Here is the first part of my code.

dm "output" clear;
dm "log" clear;
Proc Import datafile = "J:\WRRI\Everyone\Transport MetaAnalysis\Pesticide transport meta-analysis\Pesticide transport meta-analysis.xlsx"
                        out=mydata
                      DBMS=xlsx replace;
Sheet='Master';
run;
data a; set mydata;
keep Latitude Longitude 
Sand Silt Clay OM OC pH Soil_type Crop_rotation Crop Rainfall_type Cover_crop  
Pest_incorporated KOW logP Water_solubility 
Year_in_trial 
Type_resp_var Response_variable Measure 
Year_weights Analysis
CT_NT_resp_ratio CT_ConsT_resp_ratio ConsT_NT_resp_ratio;
if cover_crop = "Yes" or Pest_incorporated = "Yes" or Analysis = "SEdiff" or Year_in_trial = "." or response_variable ne "Water pesticide loss" then delete;
run;
proc sort data=a;
    by response_variable year_in_trial KOW OC;
8 REPLIES 8
PaigeMiller
Diamond | Level 26

It would help if you showed us a screen capture of the results in SAS which are incorrect, and another screen capture of how the same data looks in Excel. Please use the "Insert Photos" icon to include your screen capture in your reply. Do NOT attach files.

 

In general, PROC IMPORT is a guessing procedure, and it is possible (this does happen sometimes) that it guesses wrong. 

--
Paige Miller
DanFleming
Calcite | Level 5

My datasets are very long in terms of columns and I cannot capture the entire set in a screenshot.Screenshot.pngScreenshot 2.png

Tom
Super User Tom
Super User

Are all of the columns beyond those first few key columns numeric?

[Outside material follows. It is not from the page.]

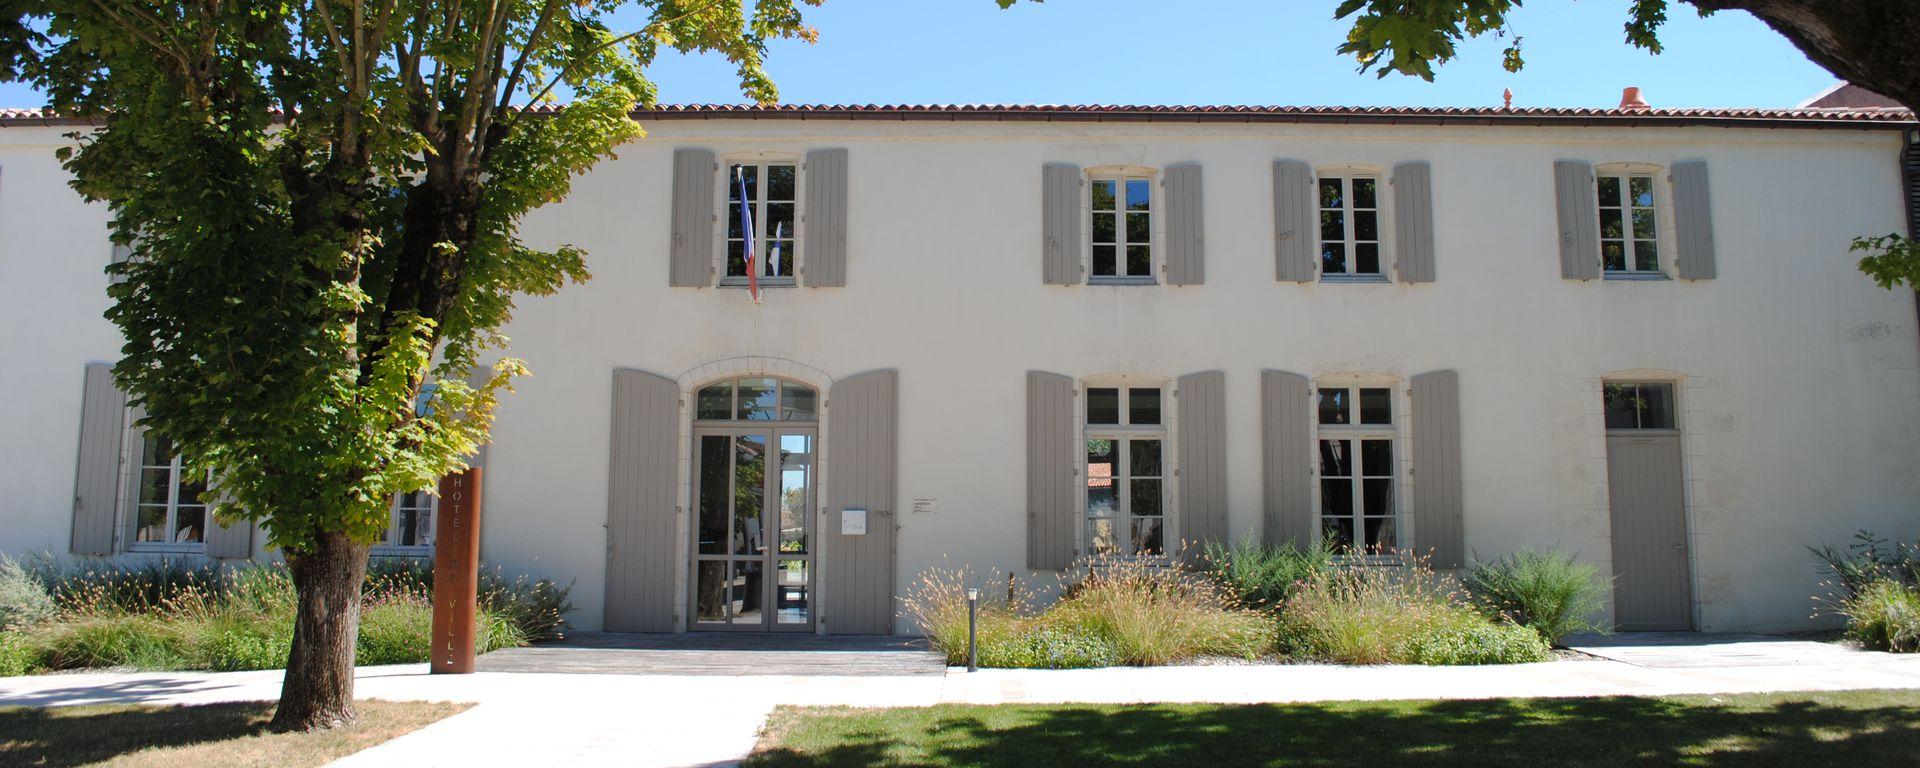 Hôtel de Ville - © Mairie de Dompierre sur Mer

If so then reading in a CSV file will be much easier.  Something like below.  Just make up nice SAS names for the various columns in your file.  You could even try copying the first line form the CSV (or spreadsheet) and paste it into your INPUT statement.  Then just change the commas to spaces and do any other polishing .

data want;
   infile 'myfile.csv' dsd truncover firstobs=2 ;
   input title :$100. pages :$30 author :$50. year 
      vara varb ............
   ;
run;

 

Patrick
Opal | Level 21

As Tom already said that's the normal challenge with floating point precision when interfacing with another "platform". Nothing SAS nor SAS interfacing with Excel specific but just how computers work.

 

Your column CT_value is likely still of type numeric (Proc Contents would tell you). The value 4.00000000001E-3 is likely just scientific display of a numerical value. 

 

If you know what the max. significant decimals of your floating point numbers are then you could round them to something below to get rid of these very small (last digits) issues.

data work.mydata;
  var1=4.00000000001E-3;
  var2=0.0004000000001;
  var3='abc';
  format var1 var2 best32.17;
run;
proc print data=work.mydata;
run;

data work.mydata;
  set work.mydata;
  array numvars _numeric_;
  do over numvars;
    numvars=round(numvars,0.00000000001);
  end;
run;
proc print data=work.mydata;
run;

Patrick_0-1714529740609.png

 

FreelanceReinh
Jade | Level 19

@Patrick wrote:

Your column CT_value is likely still of type numeric (Proc Contents would tell you). The value 4.00000000001E-3 is likely just scientific display of a numerical value.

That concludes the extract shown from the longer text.